Barreiras sanitárias
Em resposta à pressão do setor agrícola, o primeiro-ministro Sébastien Lecornu anunciou que o país vai impedir a entrada de produtos que contenham resíduos de defensivos proibidos pela União Europeia. A medida será formalizada por portaria do Ministério da Agricultura, chefiado por Annie Genevard, e abrangerá, entre outras substâncias:
- mancozebe
- glufosinato
- tiofanato-metílico
- carbendazim
Frutas como abacate, manga, goiaba, cítricos, uvas e maçãs estão entre os itens que passarão por fiscalização reforçada em fronteiras, onde será criada uma brigada especializada.
Avanço das negociações
Apesar da resistência francesa, a Comissão Europeia avançou nas tratativas e obteve o apoio da Itália, que até então se alinhava a França, Polônia e Hungria na oposição ao acordo.

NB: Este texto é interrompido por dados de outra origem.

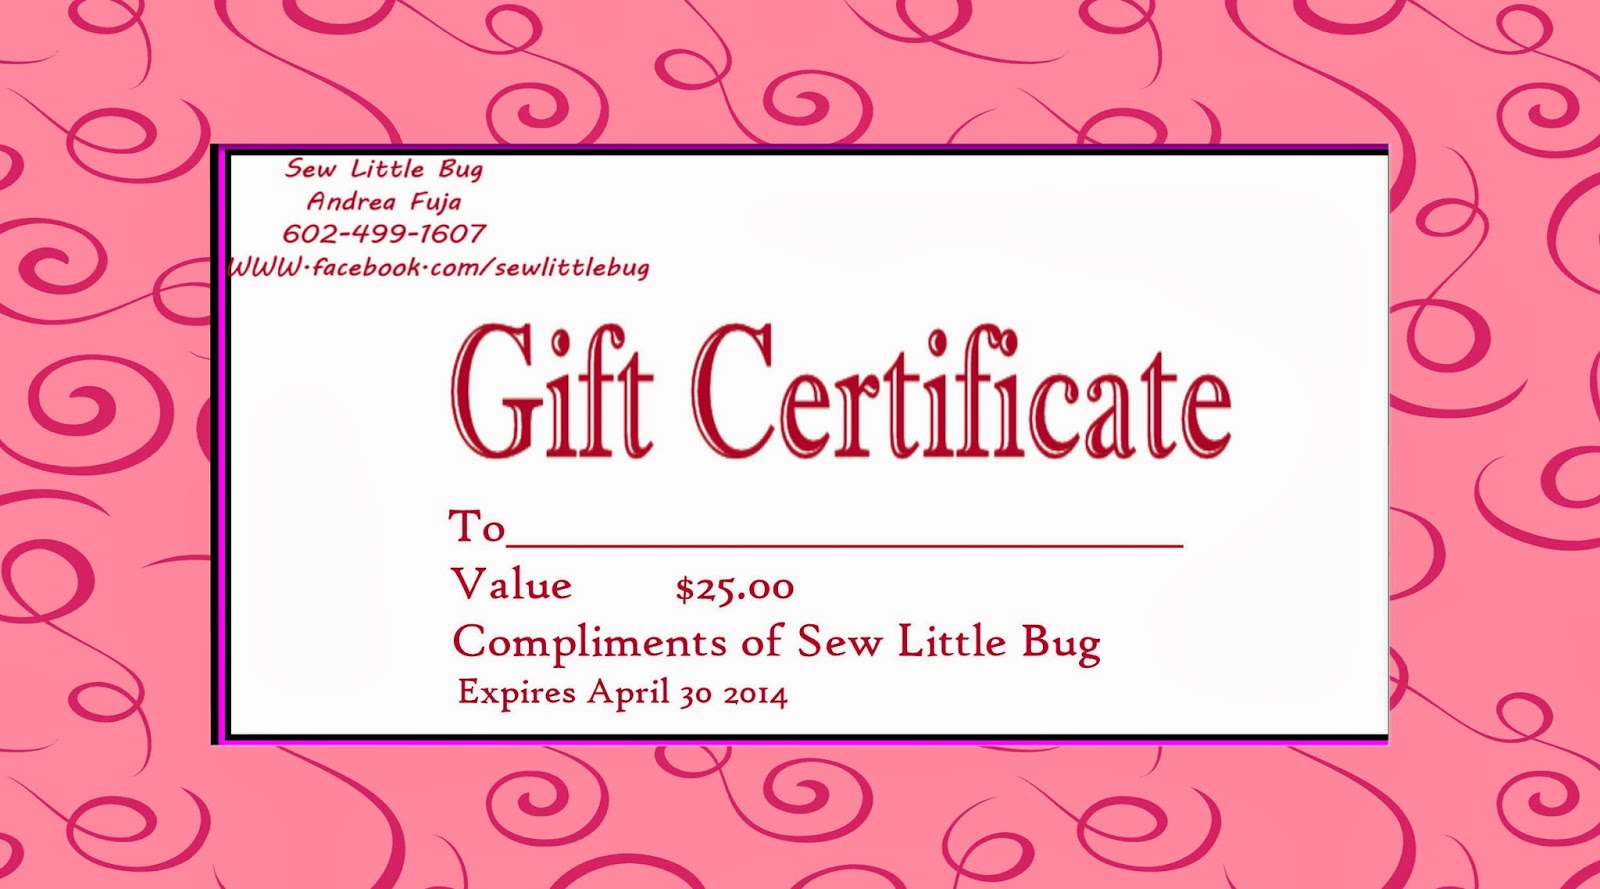 Mary gift certificate pdf pasoevolist mary gift certificate pdf yadclub Choice Image

Com a mudança de posição, o bloco pode alcançar a maioria qualificada – 15 Estados-membros representando ao menos 65% da população da União Europeia – já na segunda-feira (12).
Imagem: canalrural.com.br
A primeira-ministra italiana, Giorgia Meloni, pediu mais tempo para dialogar com agricultores locais, preocupados com a concorrência de produtos de Brasil, Argentina, Uruguai, Paraguai e Bolívia. O apoio italiano foi anunciado após a Comissão Europeia propor a liberação acelerada de 45 bilhões de euros para o setor agrícola.
O ministro da Agricultura da Itália, Francesco Lollobrigida, acrescentou que o bloco passou a discutir aumento, e não redução, dos investimentos no agro entre 2028 e 2034.
Os protestos desta quinta-feira mantêm a pressão sobre o governo francês em meio ao avanço das negociações em Bruxelas.